A note about approaching Competition

We must avoid looking to competitors from the point-of-view of being a player in the market. Instead, we must view them from the customer’s point-of-view (as a user, what are the alternatives that I have to solve a particular problem — vide Jobs-To-Be-Done).

Performing well in comparison with other players is a natural consequence of first performing well in solving the most relevant JTBD of our Customer Segments. Products create value in the marketplace based on how well they do “the job” better than other alternatives. Using this approach is key in continuing to be the disruptor — instead of being the disrupted.

However, shouldn’t we keep an eye on competition?! How are they creating value? How should we strategically position our brand in the customer’s mind?

Chasing parity with competitors is also very important. To do so, I like to use the “80% Benchmarking | 20% Innovation” mindset. The 80% Benchmarking guarantees that we always have the right mix of solution alternatives for the users (for example, Instagram copying Snapchat Stories). And the 20% Innovation is crucial in making our value proposition unique.

4. Product Backlog, Prioritisation and Roadmap

After going through The Product Baseline, Experimentation, and Launching Strategy, your product backlog is probably looking like a bunch of different product initiatives.

Possible product initiatives:

  • Prototype Ideation (ethnographic research and prototyping)
  • Prototype Validation (motivation, ability, triggers)
  • Product Development (functional, non-functional, spikes, BAU)
  • Growth Optimisation (Metrics and AARRR)
  • Community Building

Building a Product Backlog with User Story Mapping

User Story Mapping is a way to map the future state of the product and slice it out into phases. It’s a map from the outcomes to the outputs, which uses a storytelling format to connect the strategy to product development.

Source: User Story Mapping by Jeff Patton

Steps to create a User Story Map:

  1. Framing the desired outcomes — business goals, customer segments, product principles
  2. Creating a map of the User Tasks and Product Touch Points
  3. Prioritising it into phases — based on Customer Value

Delivery Plan and Roadmap

Once you have mapped out the whole user story and prioritised it into phases, the next step is to elaborate upon how the team is going to build it. The approach described below is based on Agile Delivery best practices.

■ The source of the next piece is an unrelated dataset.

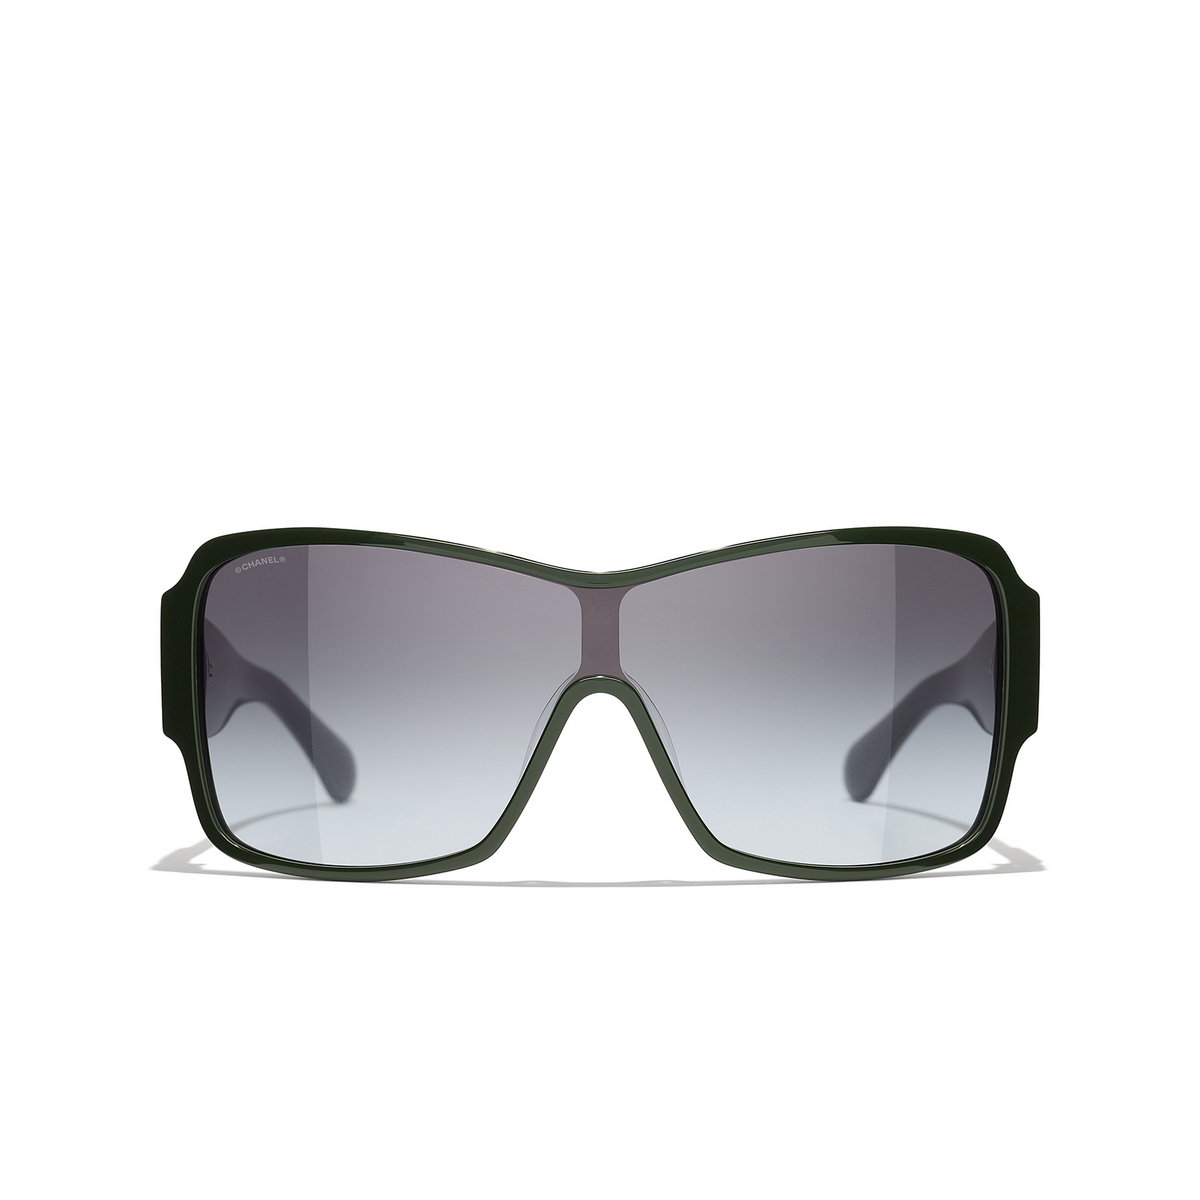 CHANEL shield Sunglasses 1228S6 Green - front view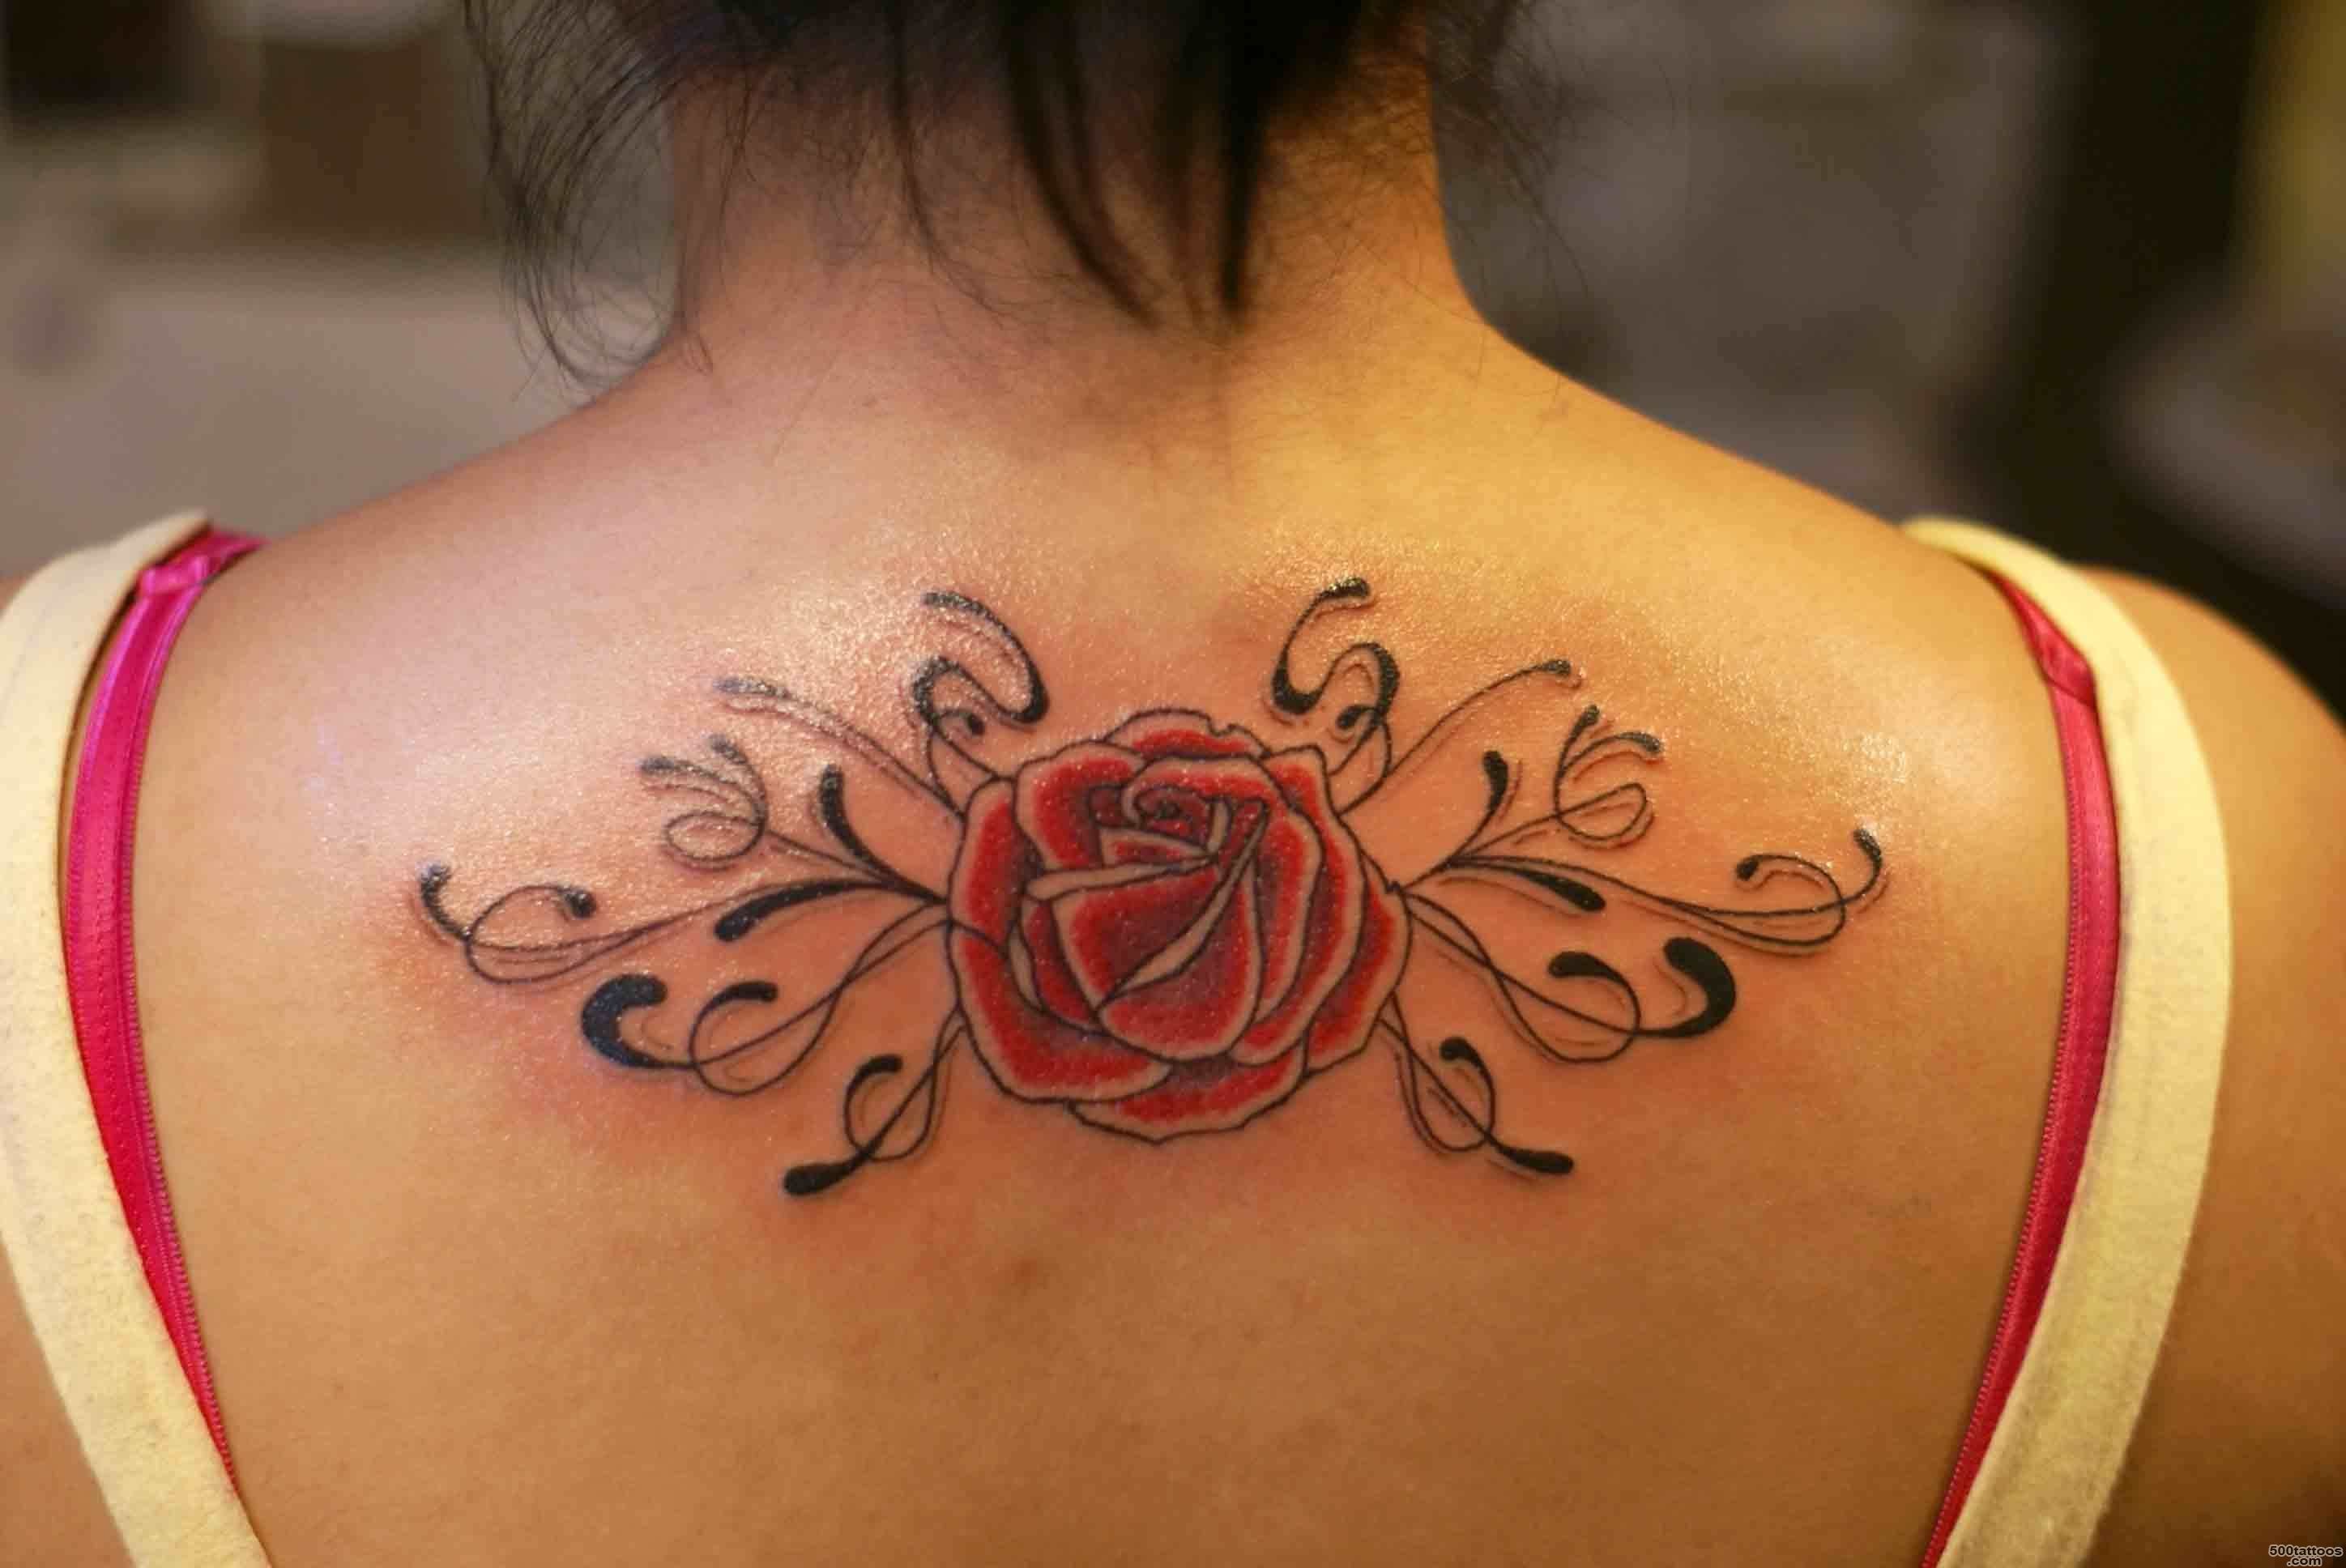 Rose tattoo on her back wallpapers and images   wallpapers ..._1

Getting the Product Backlog ready to go:

  • Envision (Initial modelling and delivery planning, initial requirements and release plan, epic story validation and breakdown)
  • Cards creation and (rough) estimation
  • Prioritisation based on Feasibility
  • Match with team capacity and define roadmap

Getting the Sprint Backlog ready to go:

  • Write User Stories and Acceptance Criteria
  • Sprint Planning (super quick)
Source: User Story Mapping by Jeff Patton

Prioritisation Guidelines

A Product Team must be focused on Learnings and Impact. Learnings are the foundation. The more you know about your users, product, and channels the better you become at coming up with solutions that influence growth.

However, it isn’t enough to just learn. The purpose of a team is to have impact on growth. Impact starts with identifying the biggest problem or area of opportunity using quantitative and qualitative data.

Intuition also plays an important role when coming up with possible solutions or opportunity initiatives. Usually, the best insights come from the intersection of Quantitative Data, Qualitative Data, and Intuition.

The guidelines described in this blog post can be used to launch new products from scratch, as well as to improve products that have millions of active users and thousands of subscribers. Whether used in a startup or in a large organisation, these best practices will help your team to build, launch and manage products that get and keep more customers.